A recipe for high impact

Cokol, Murat; Rodriguez-Esteban, Raul; Rzhetsky, Andrey

doi:10.1186/gb-2007-8-5-406

Correspondence
Published: 10 May 2007

A recipe for high impact

Murat Cokol^1,2,
Raul Rodriguez-Esteban^2,3 &
Andrey Rzhetsky^1,2,4

Genome Biology volume 8, Article number: 406 (2007) Cite this article

Abstract

Our analysis highlights common statistical features of high-impact articles; we also show how information flows among various publication types.

Every research article has at least two important ingredients: it attacks a scientific problem (topic), and invents or recycles a study technique (method). Here we quantify the relative contribution of these two elements to an article's success by sifting through myriads of time-stamped scientific texts, accumulated over decades in the permafrost of reference databases [1].

We define and analyze here three attributes associated with each scientific article: 'topic', 'method' and 'impact'. Nearly every article referenced in the PubMed database has a list of keywords reflecting its content: chosen from more than 20,000 MeSH terms and more than 150,000 chemical names [2]. We use MeSH terms and chemical names as indicators of an article's topic and method, respectively. The 'impact factor' (IF) of the journal where the article was published is provided by the Thomson ISI database [3].

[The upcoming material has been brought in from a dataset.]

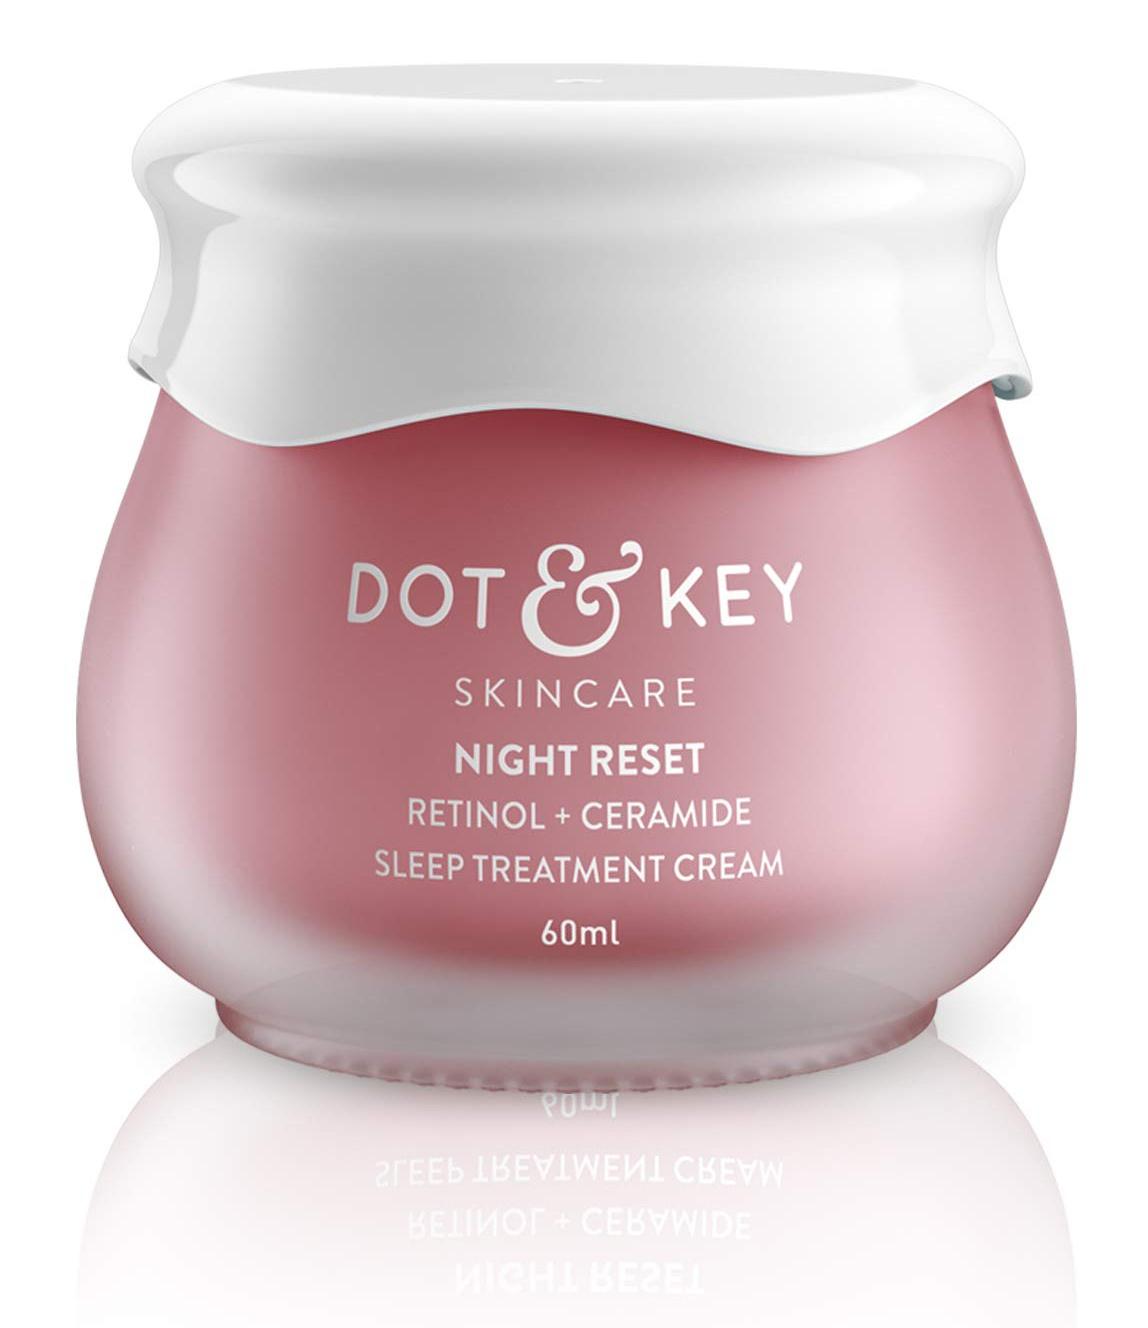 Dot & Key Night Reset Retinol + Ceramide  Sleep Treatment Cream

Ingredients of a scholarly study

For millions of articles published in 1,757 journals we compute two parameters (separately for topic and method concepts): 'temperature' and 'novelty', as introduced in our earlier work [4], using a reference corpus of publications pre-dating each article (see Additional data file 1). When all journal-specific articles are considered together, a high temperature of a journal indicates its tendency to publish popular (hot) concepts. The novelty parameter can change between 0 and 1, and, as the name implies, reflects the proportion of new (previously unpublished) concepts in a group of texts.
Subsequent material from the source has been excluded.